Exercise brief: The answer is the full listing restated exactly, without any pictures.

Supplied information:
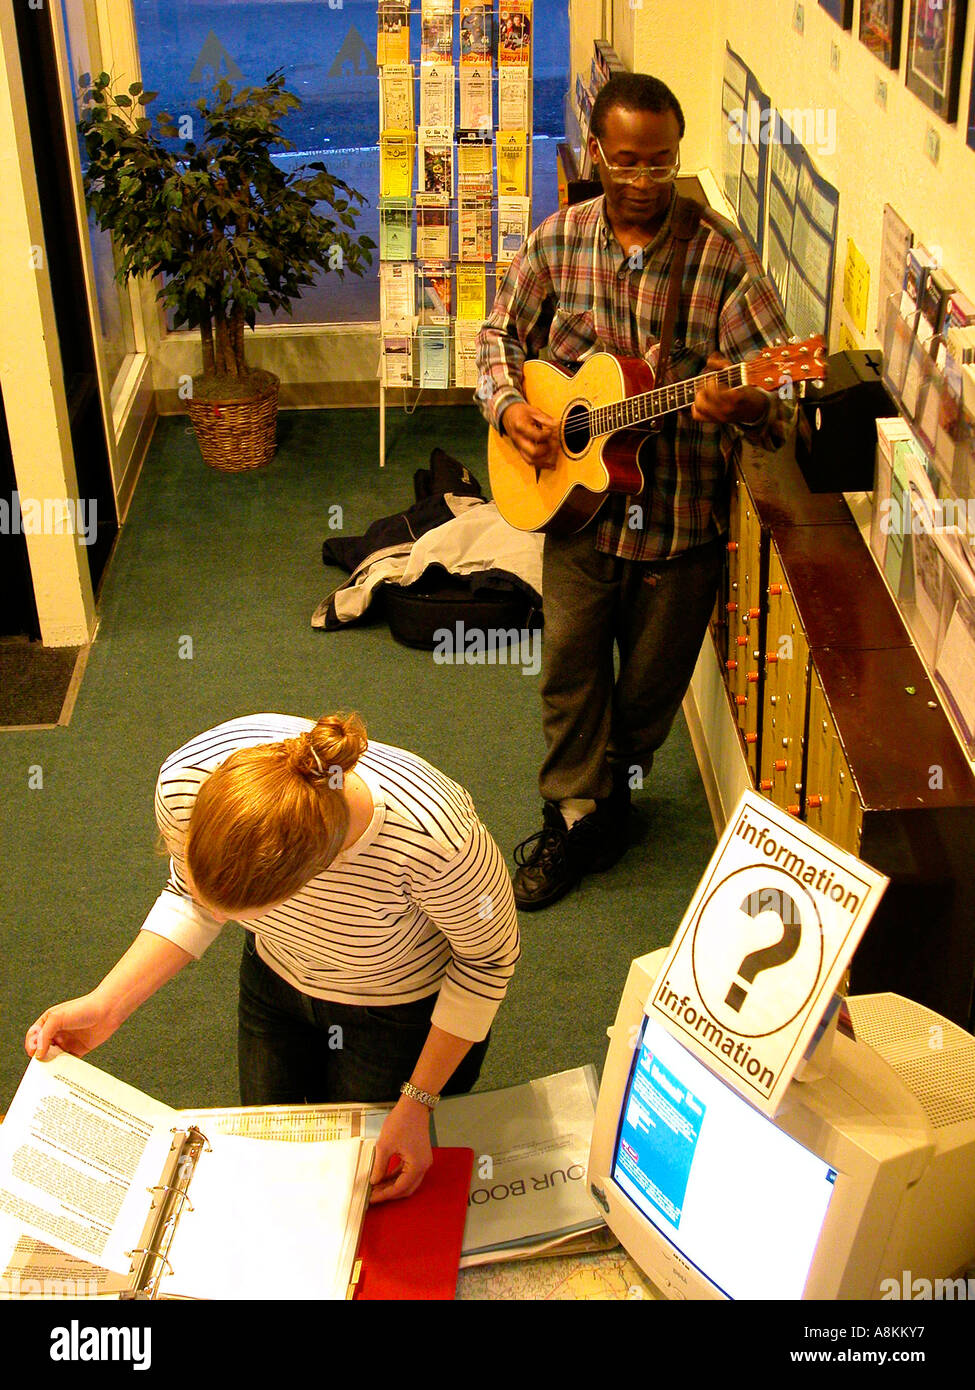 Student traveler getting information and a African American man playing a guitar at Mason Street youth hostel in San Francisco California Stock Photo
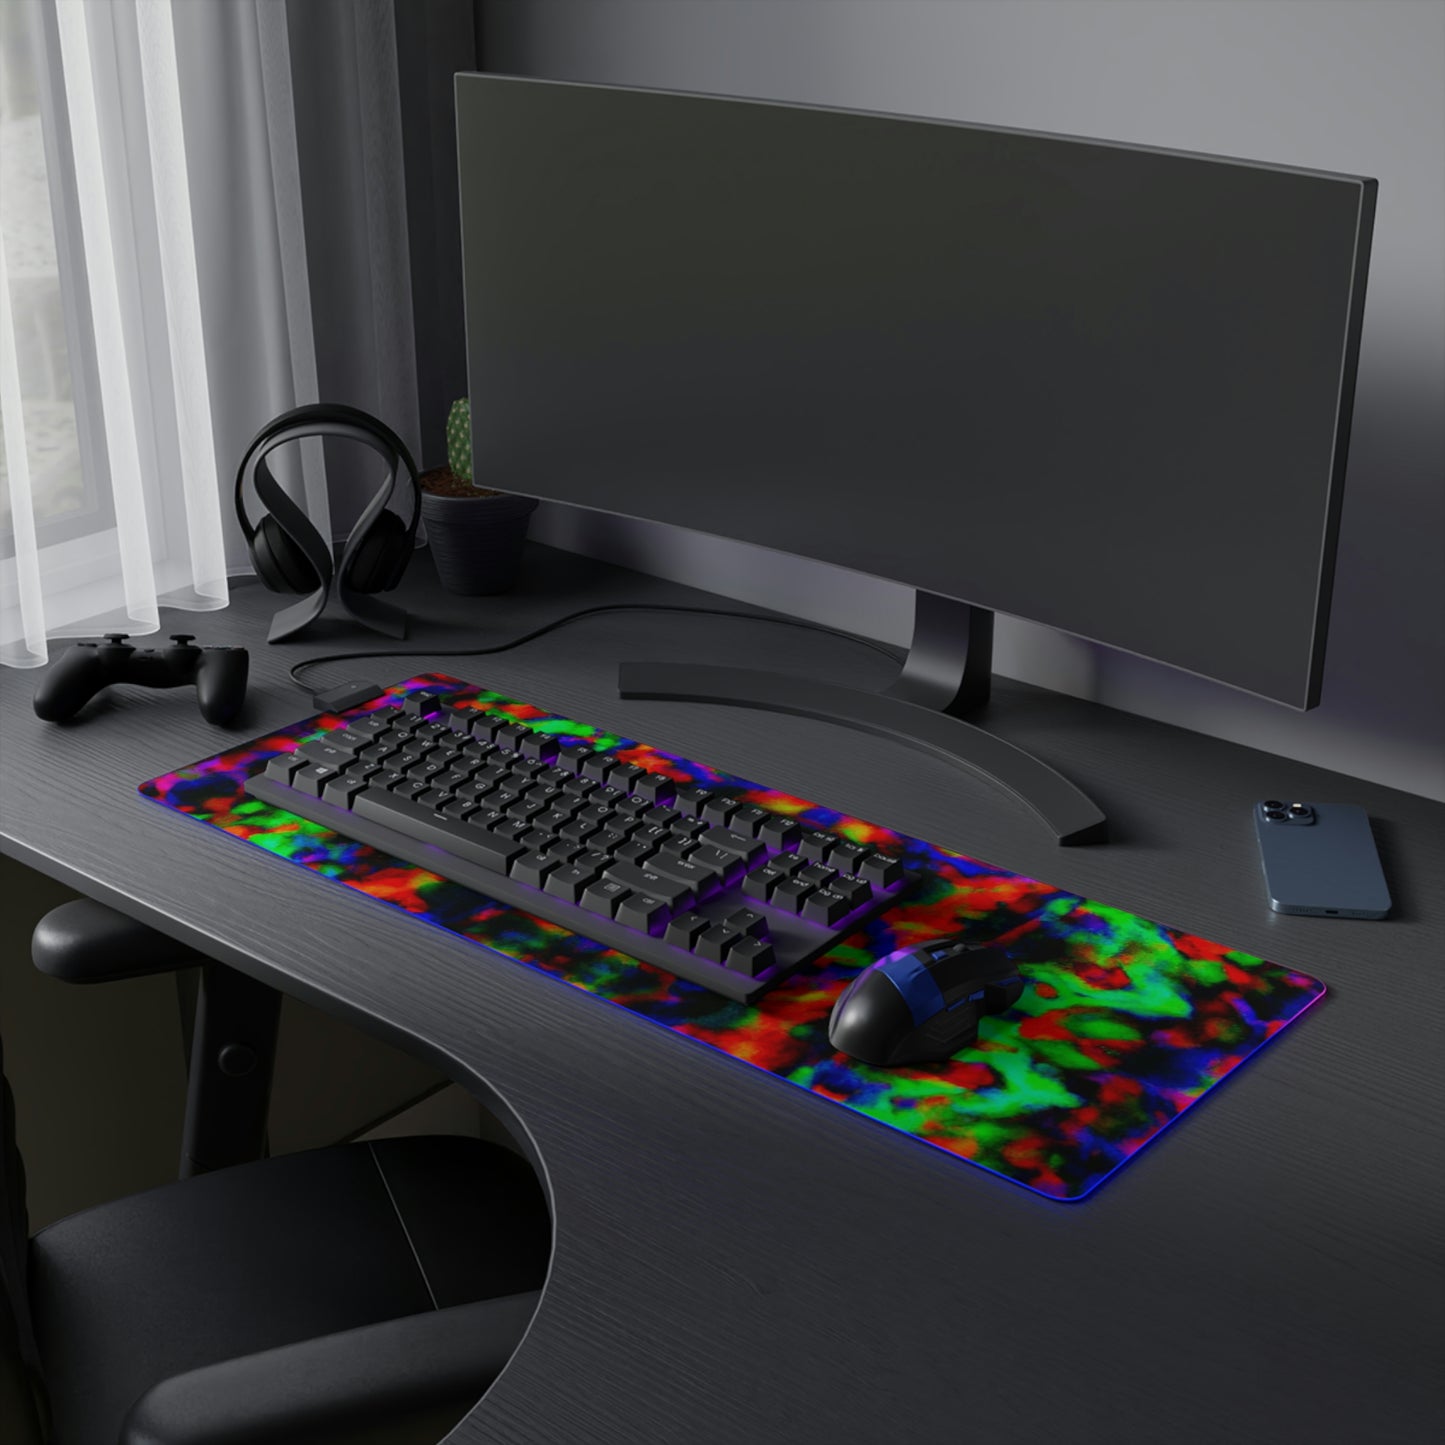 Ronald "Rockets" Roberts - Psychedelic Trippy LED Light Up Gaming Mouse Pad
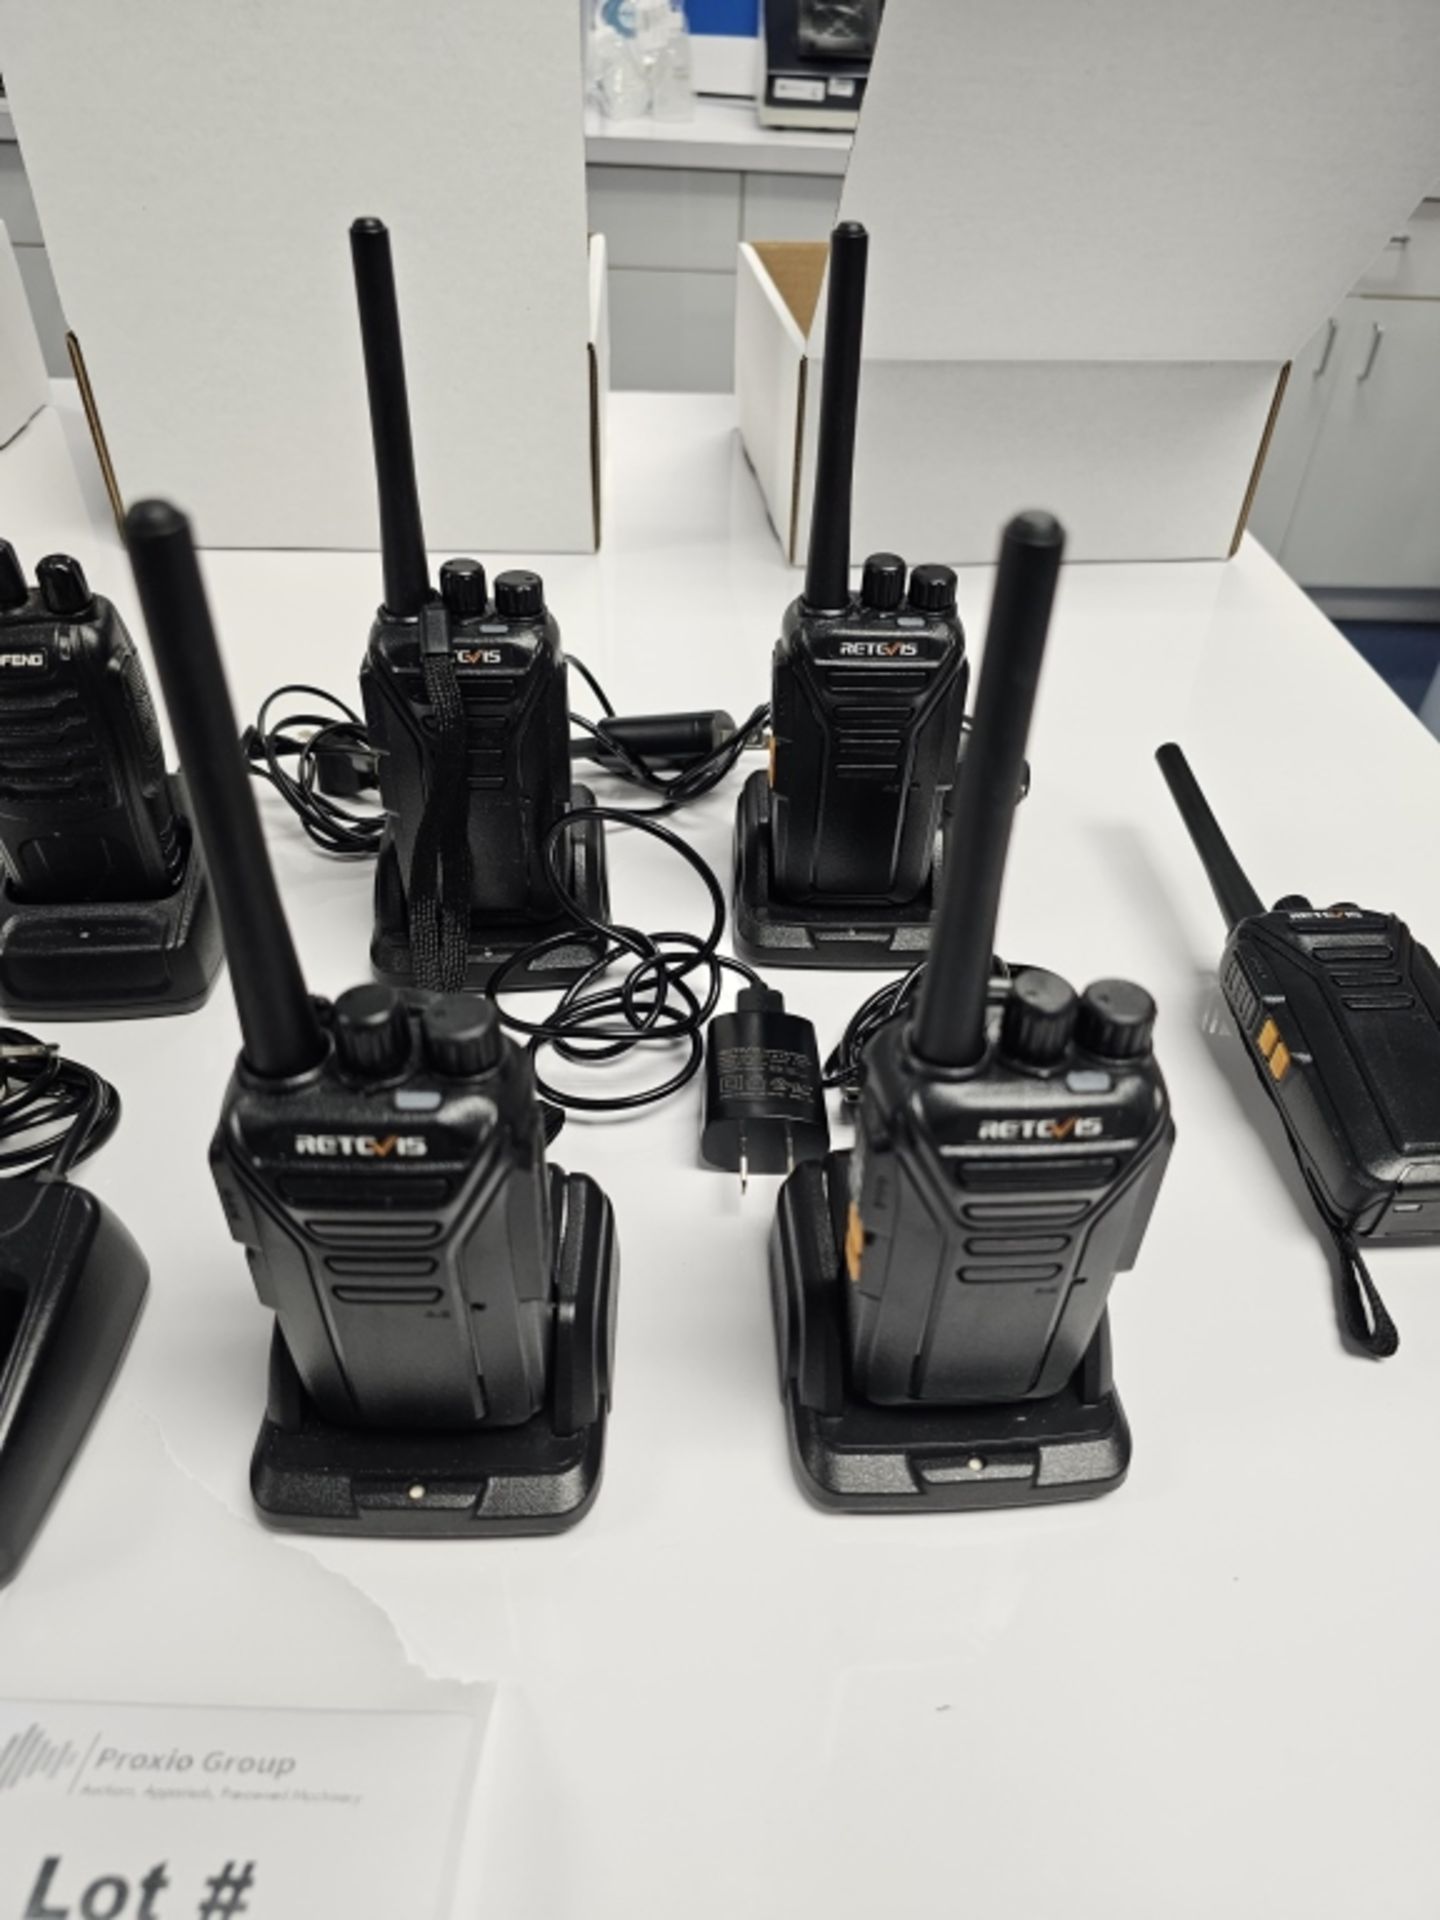 (5) Retcvis Hand Held Walkie Talkies With (4) Chargers, (2) Baofeng Walkie Talkies With Chargers - Image 4 of 5

Reply:
 Student traveler getting information and a African American man playing a guitar at Mason Street youth hostel in San Francisco California Stock Photo
 Ronald "Rockets" Roberts - Psychedelic Trippy LED Light Up Gaming Mouse Pad
 (5) Retcvis Hand Held Walkie Talkies With (4) Chargers, (2) Baofeng Walkie Talkies With Chargers - Image 4 of 5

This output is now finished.